> _ASSIGNED TASK_
Print all the data that follows exactly, images excluded.

> _PROVIDED MATERIAL_
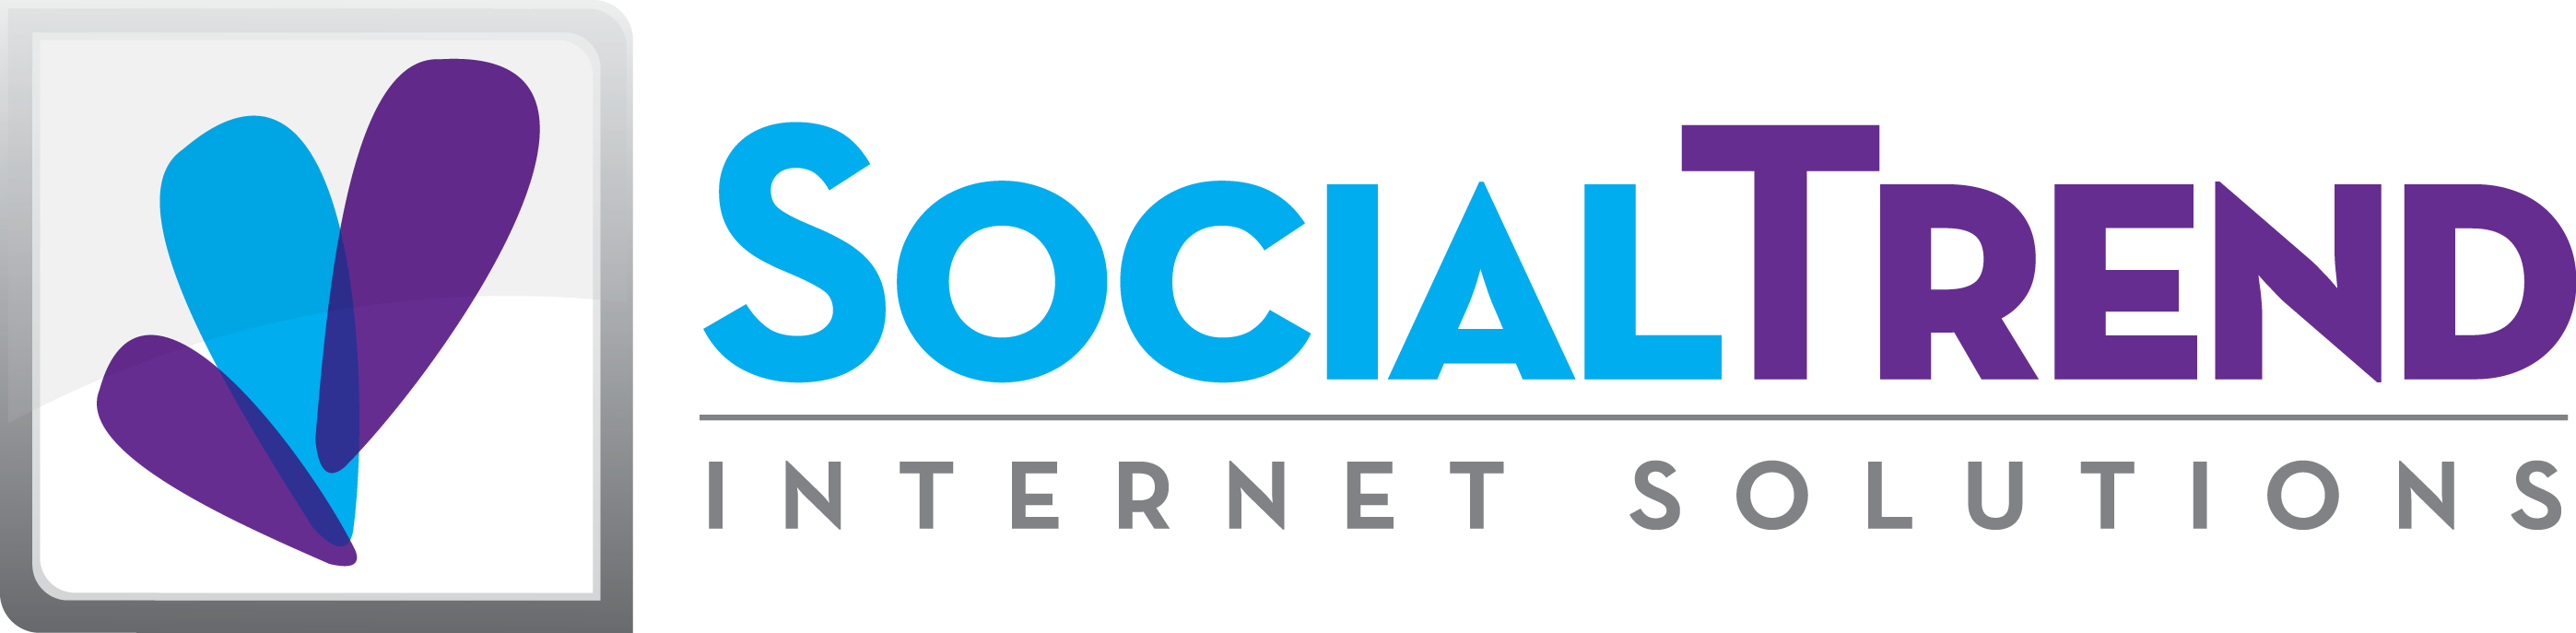 SocialTrend-Logo.png
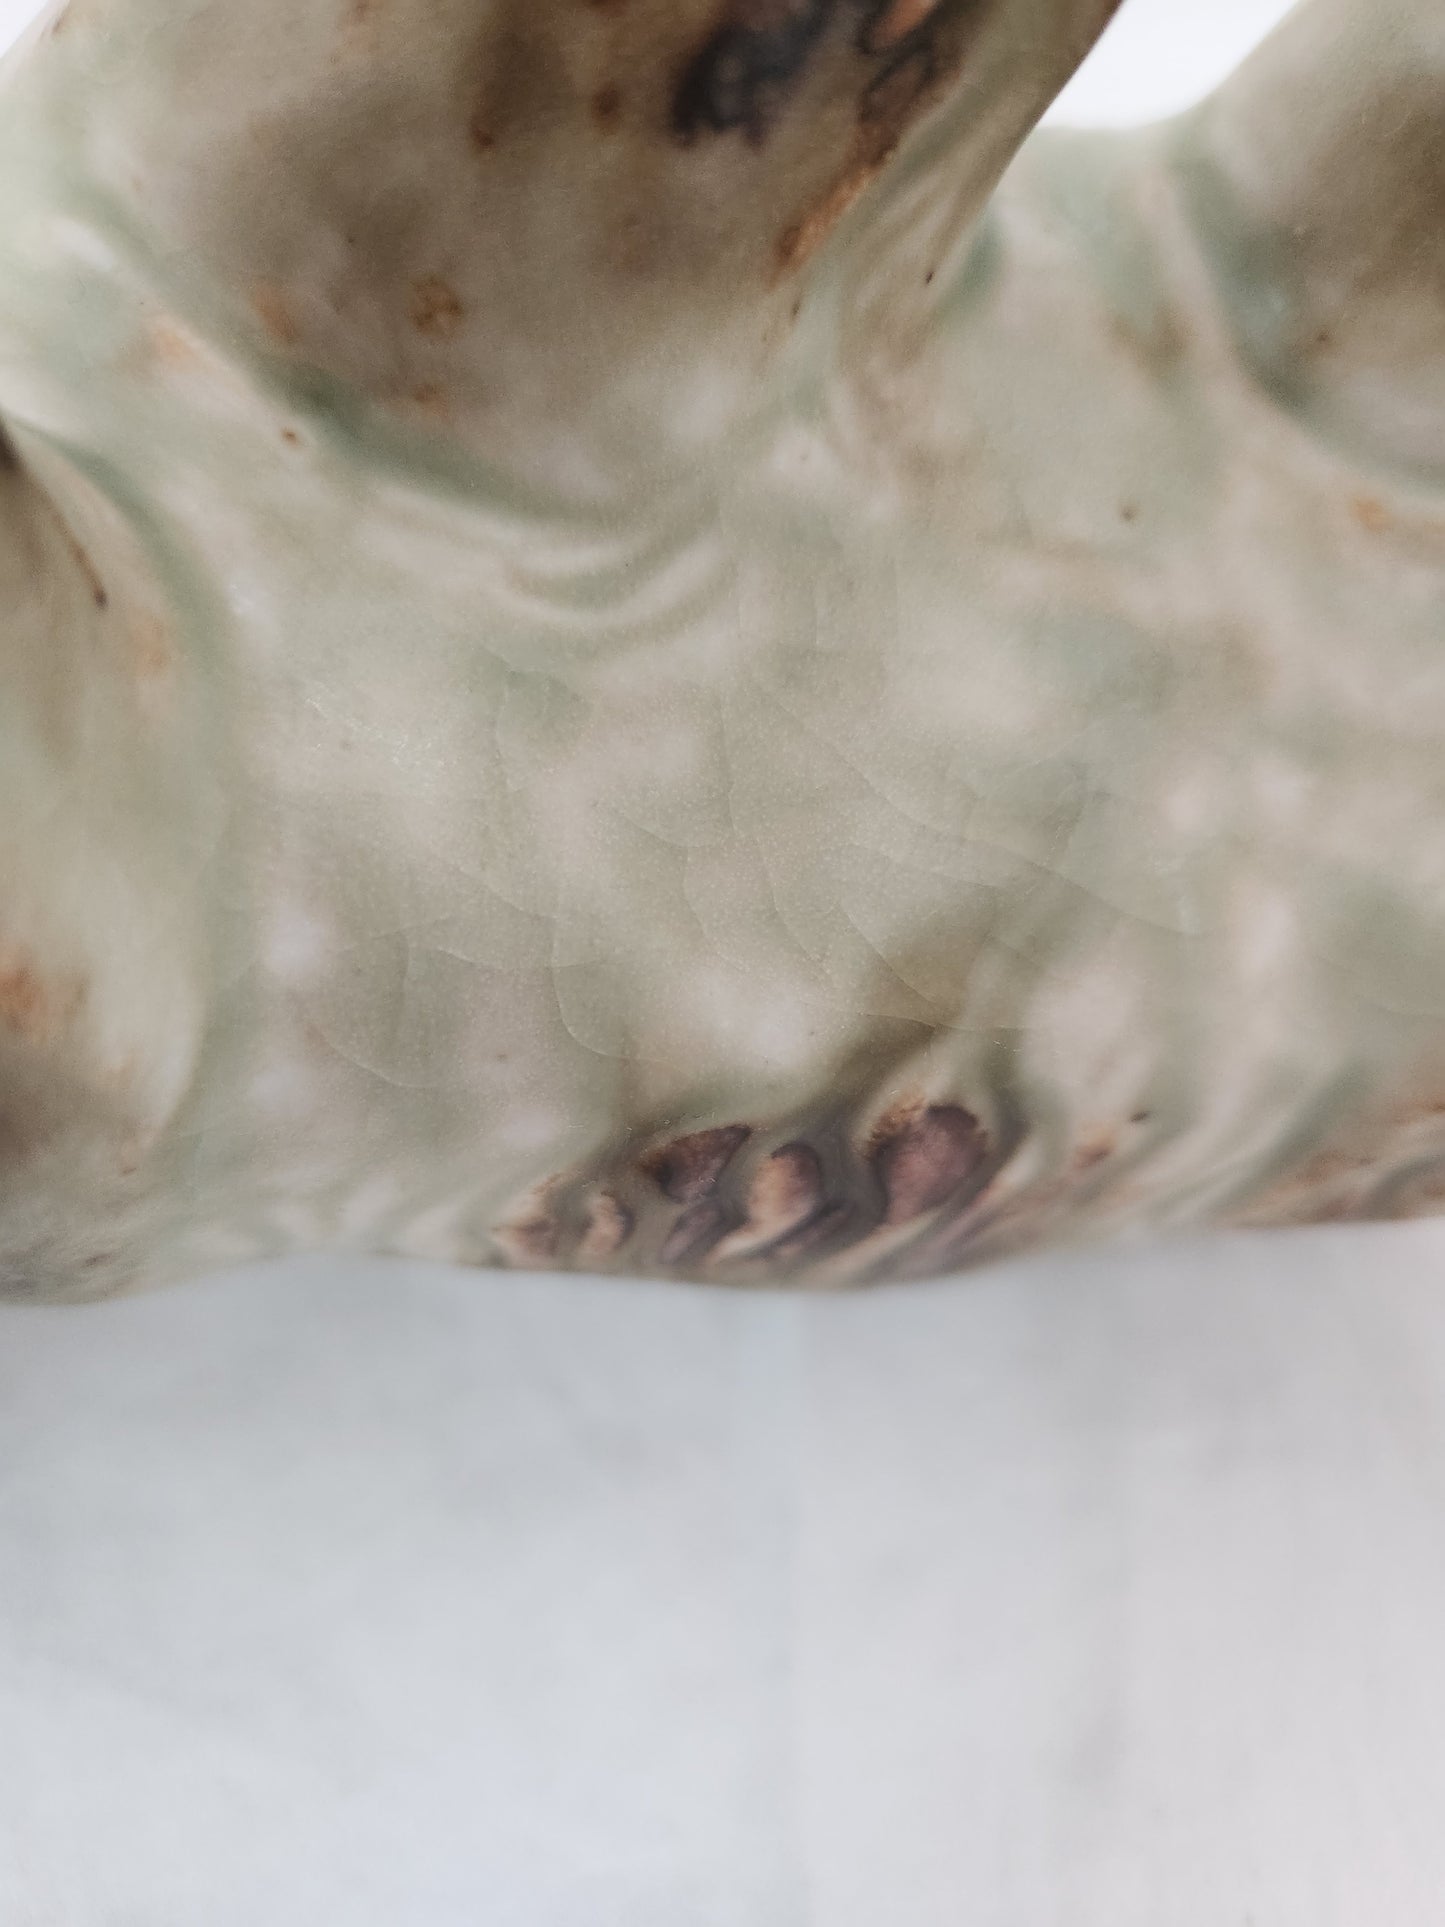 Knud Kyhn Ceramic Bear #20155 Produced by Royal Copenhagen in Denmark
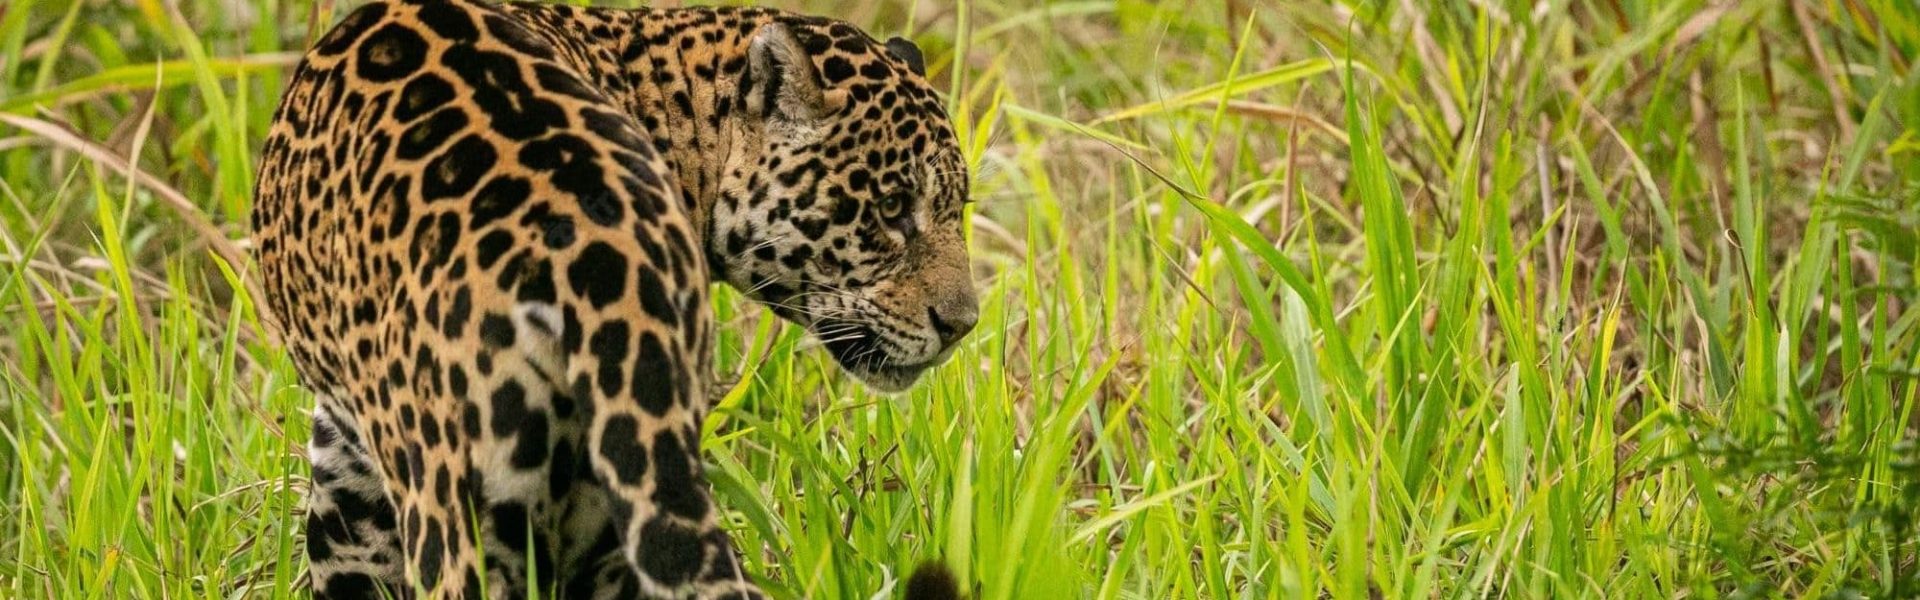 Jaguar: Sp Panthera onca

> _EXPECTED ANSWER_
 SocialTrend-Logo.png
 Knud Kyhn Ceramic Bear #20155 Produced by Royal Copenhagen in Denmark
 Jaguar: Sp Panthera onca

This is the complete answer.